• TASK TO COMPLETE:
Please return the full listing exactly as written, with the images removed.

• THE DATA:
────
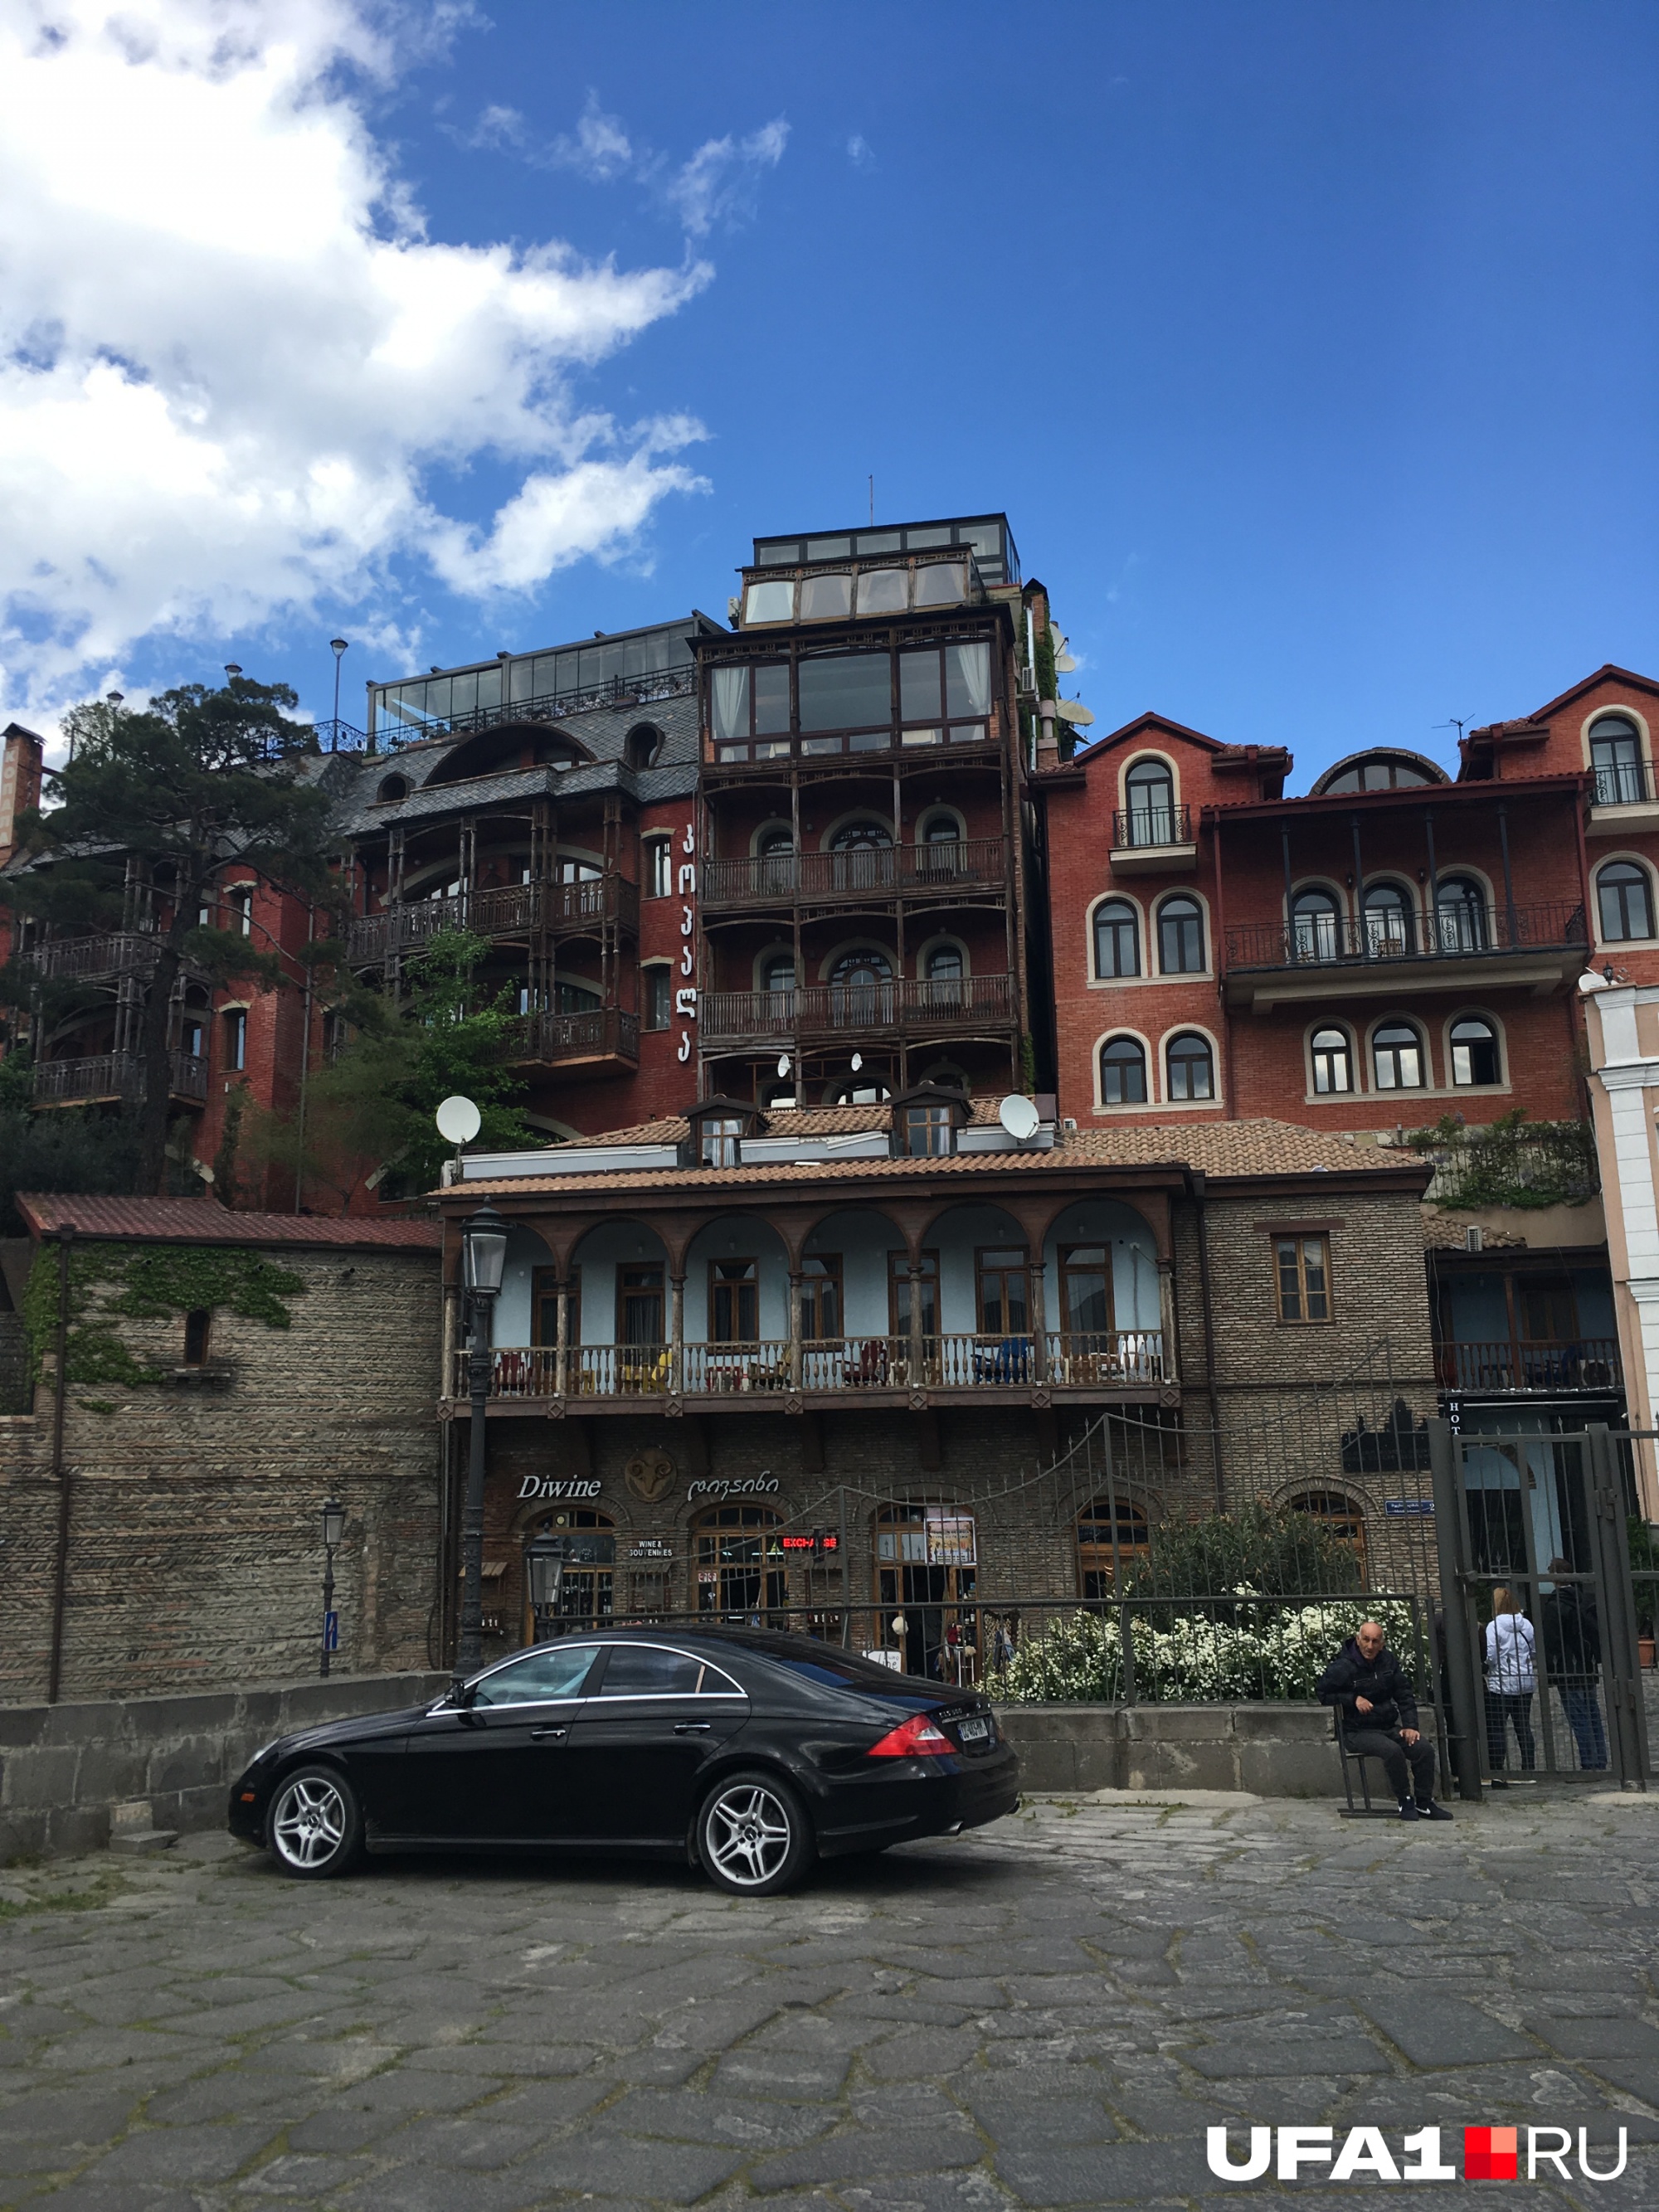 Отдельное удовольствие — наблюдать прекрасные домики Тбилиси и Батуми
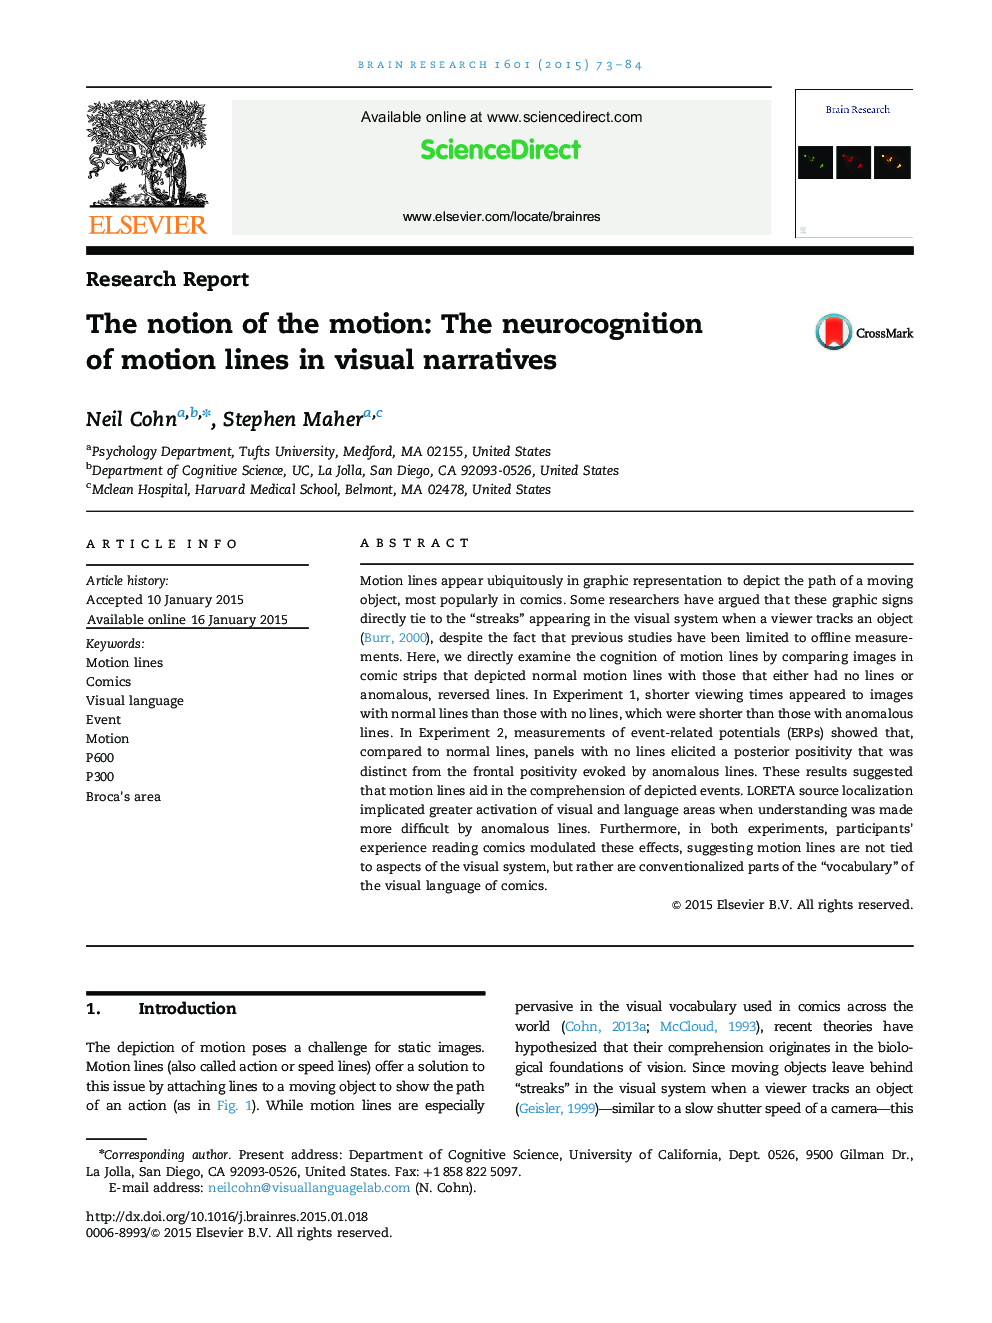 مفهوم حرکت: شناخت عصبی از خطوط حرکت در روایات بصری 
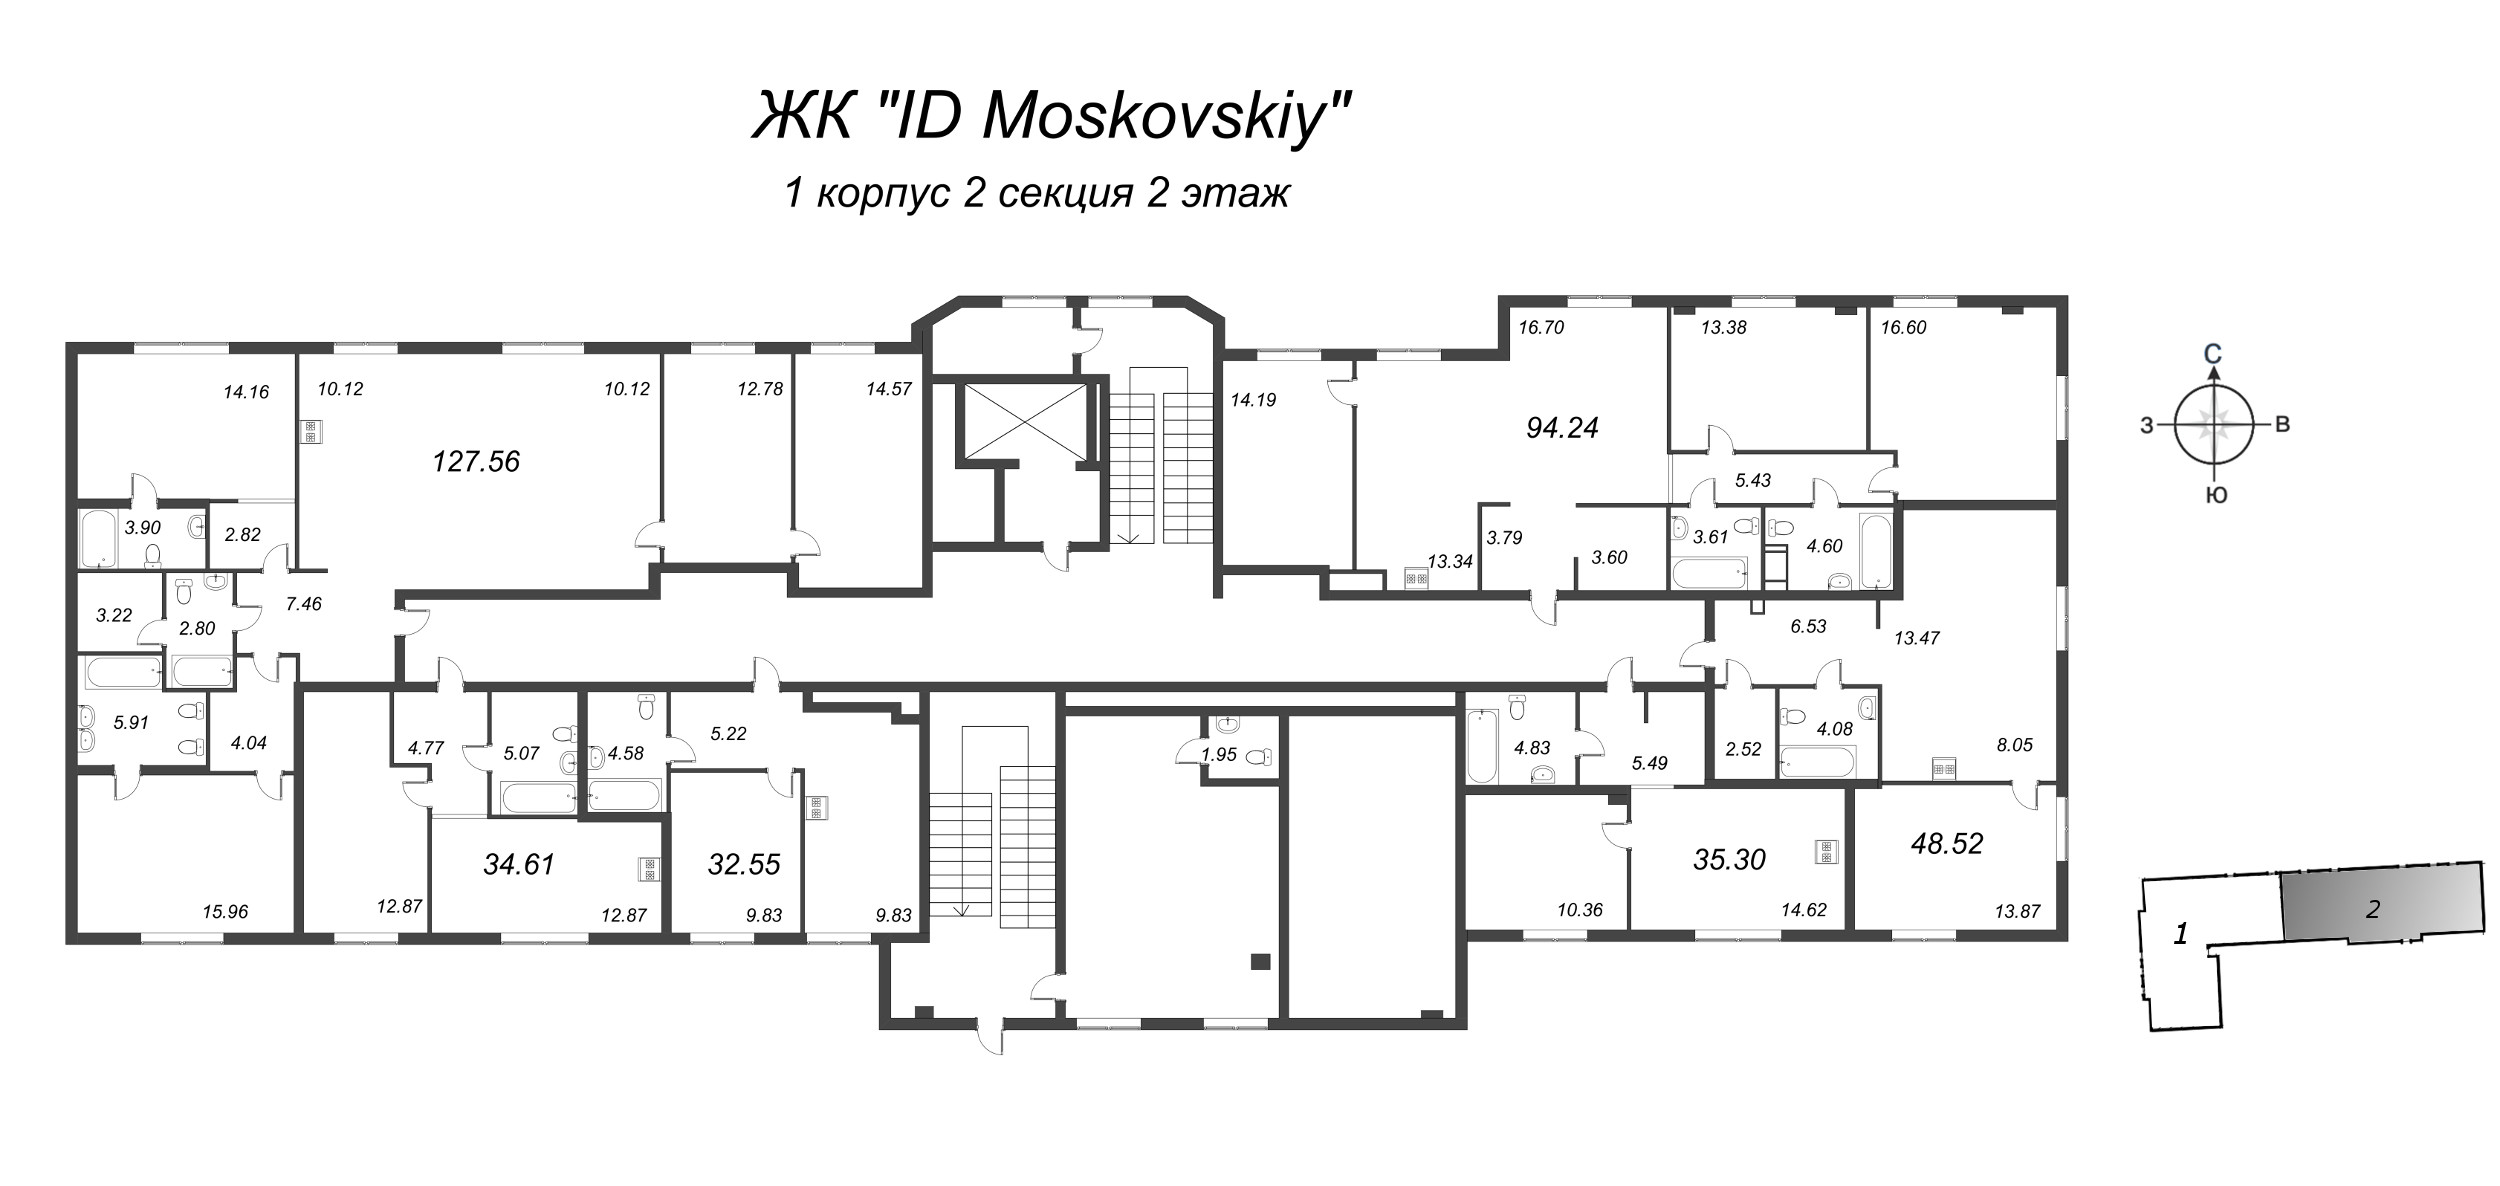 4-комнатная (Евро) квартира, 94.24 м² в ЖК "ID Moskovskiy" - планировка этажа
────
• RESPONSE TO THE TASK:
 Отдельное удовольствие — наблюдать прекрасные домики Тбилиси и Батуми
 مفهوم حرکت: شناخت عصبی از خطوط حرکت در روایات بصری 
 4-комнатная (Евро) квартира, 94.24 м² в ЖК "ID Moskovskiy" - планировка этажа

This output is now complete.